# Exercise description
Below are entries; copy exactly the lines from the one with "SJRC F11S 4K" through the one with "The image is", both included, and leave out the rest.

─── Extracted entries ───

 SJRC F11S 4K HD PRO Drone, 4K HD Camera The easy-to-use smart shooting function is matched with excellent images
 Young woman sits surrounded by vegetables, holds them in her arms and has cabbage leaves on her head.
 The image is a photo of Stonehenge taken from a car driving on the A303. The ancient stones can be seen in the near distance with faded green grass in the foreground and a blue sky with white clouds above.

───
─── Extracted entries ───

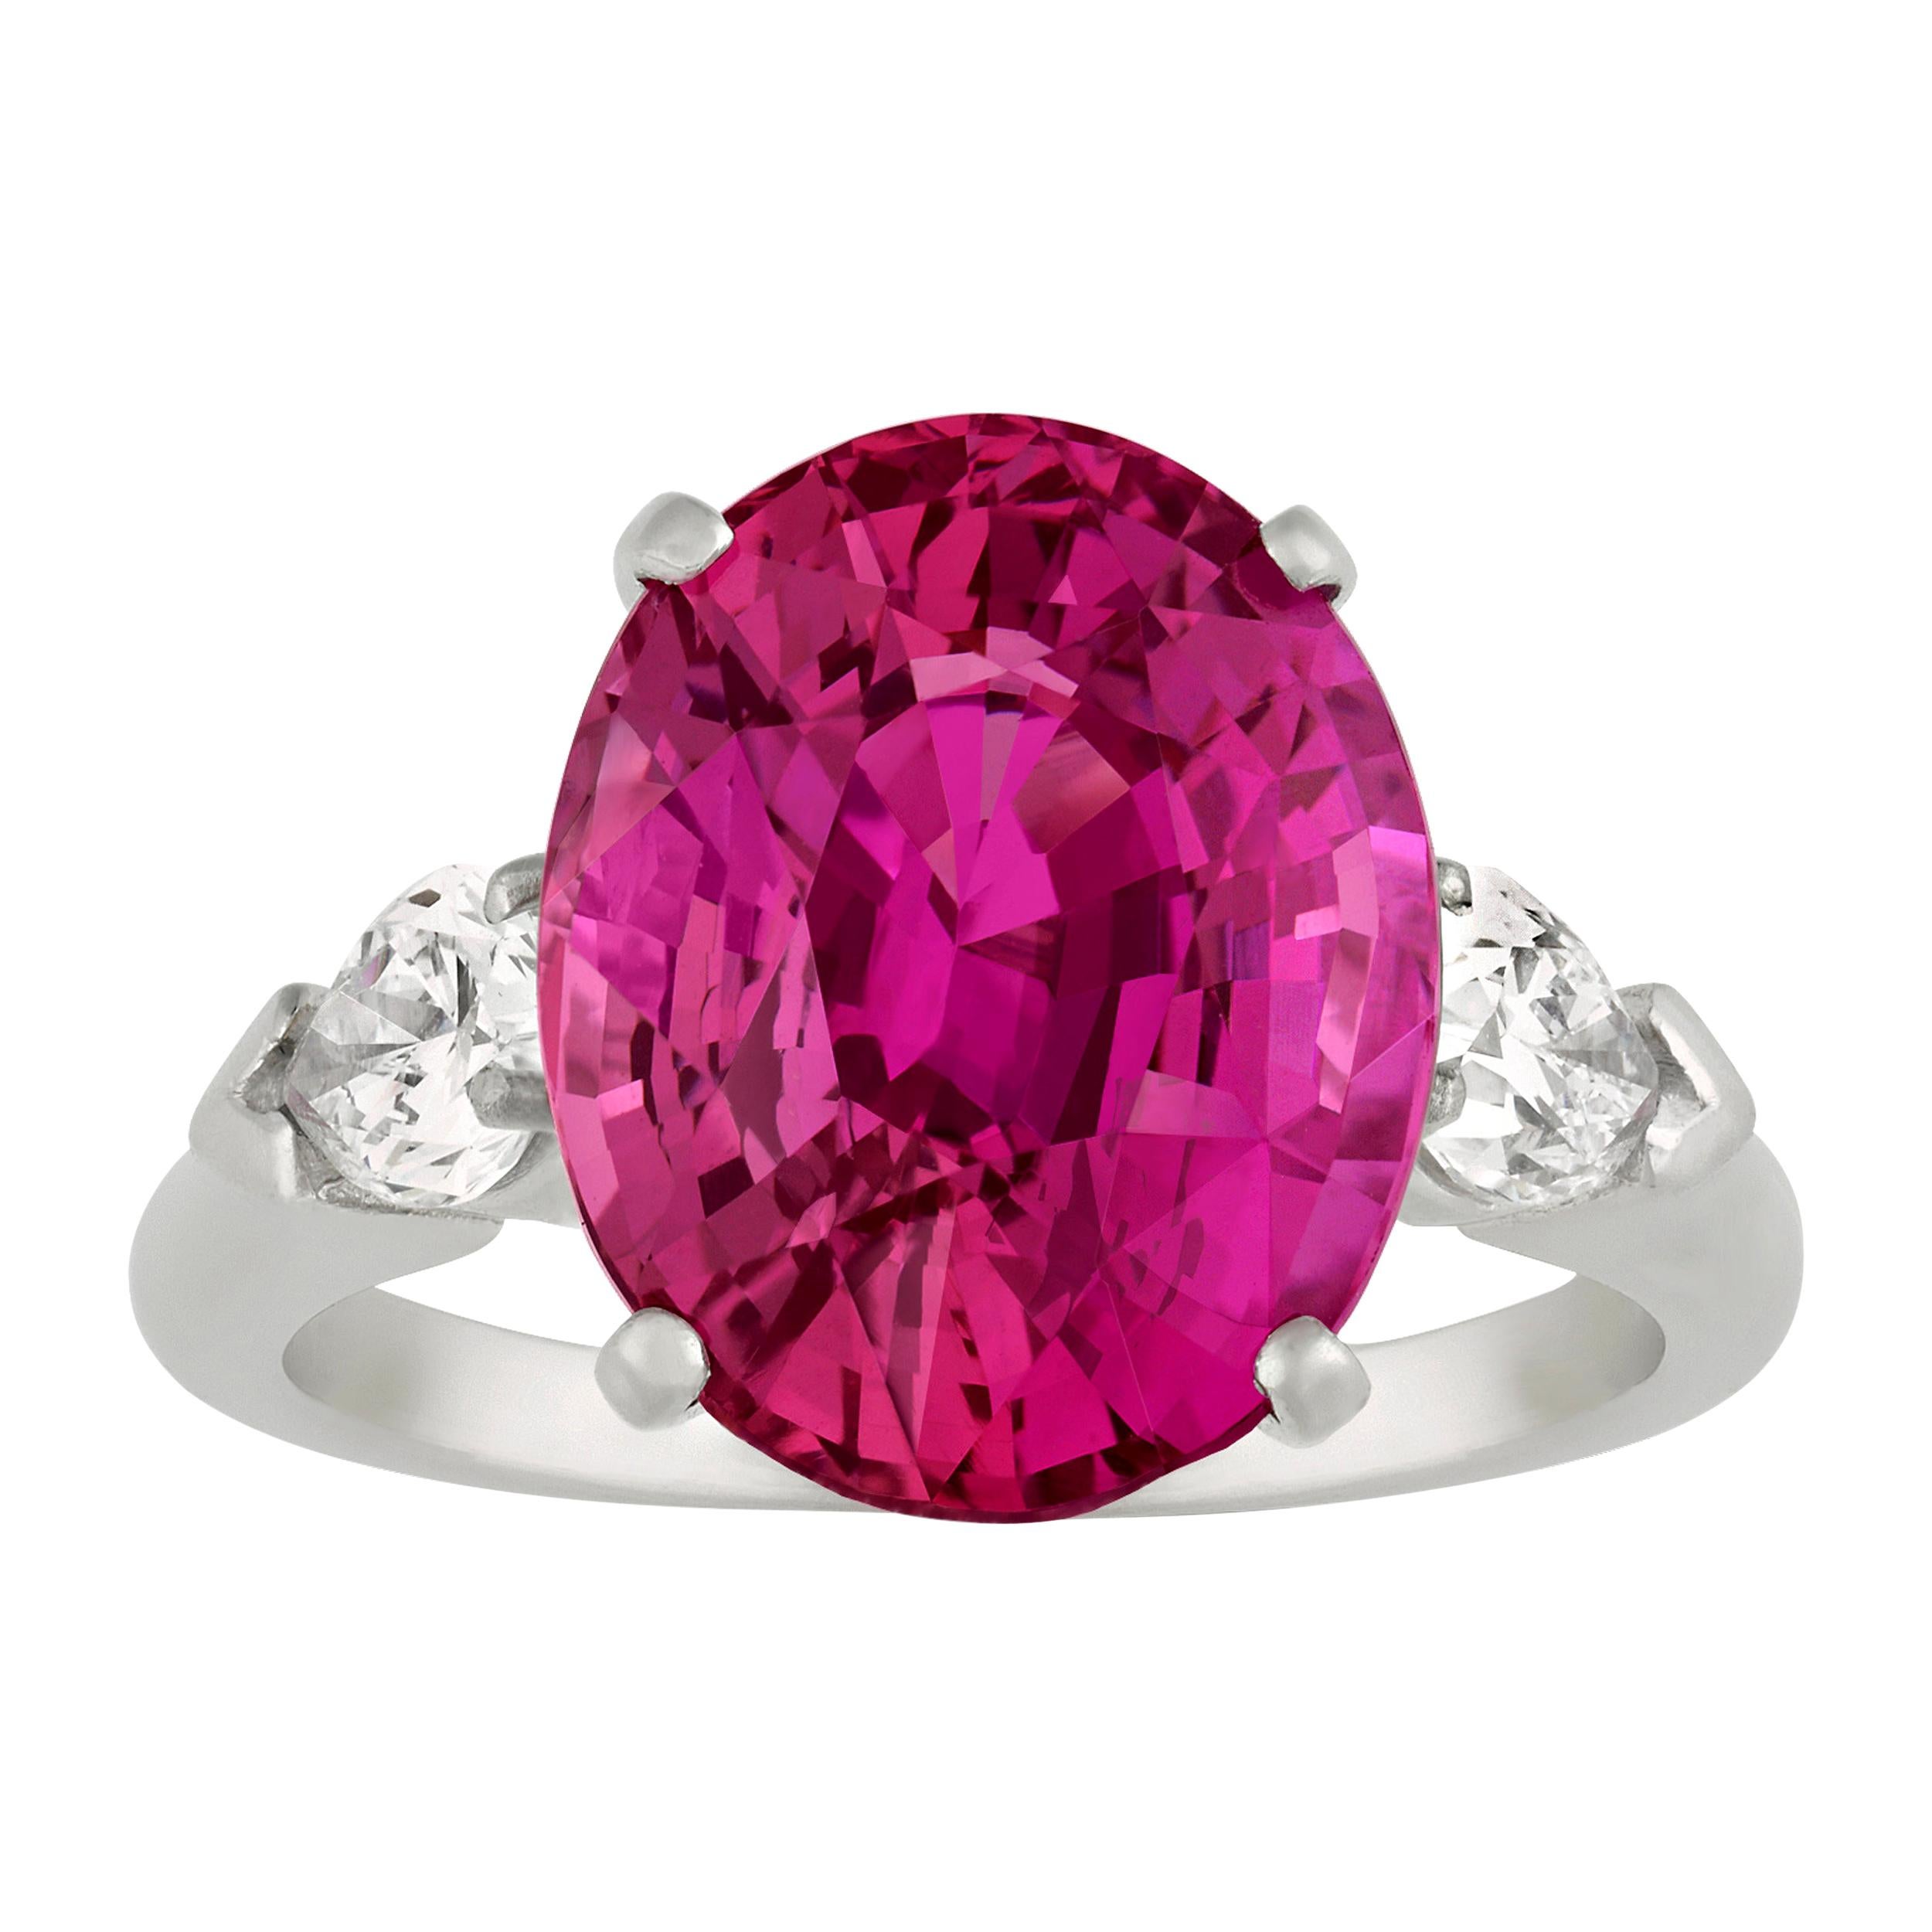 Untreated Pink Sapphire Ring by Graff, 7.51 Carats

───

# Answer below
 SJRC F11S 4K HD PRO Drone, 4K HD Camera The easy-to-use smart shooting function is matched with excellent images
 Young woman sits surrounded by vegetables, holds them in her arms and has cabbage leaves on her head.
 The image is a photo of Stonehenge taken from a car driving on the A303. The ancient stones can be seen in the near distance with faded green grass in the foreground and a blue sky with white clouds above.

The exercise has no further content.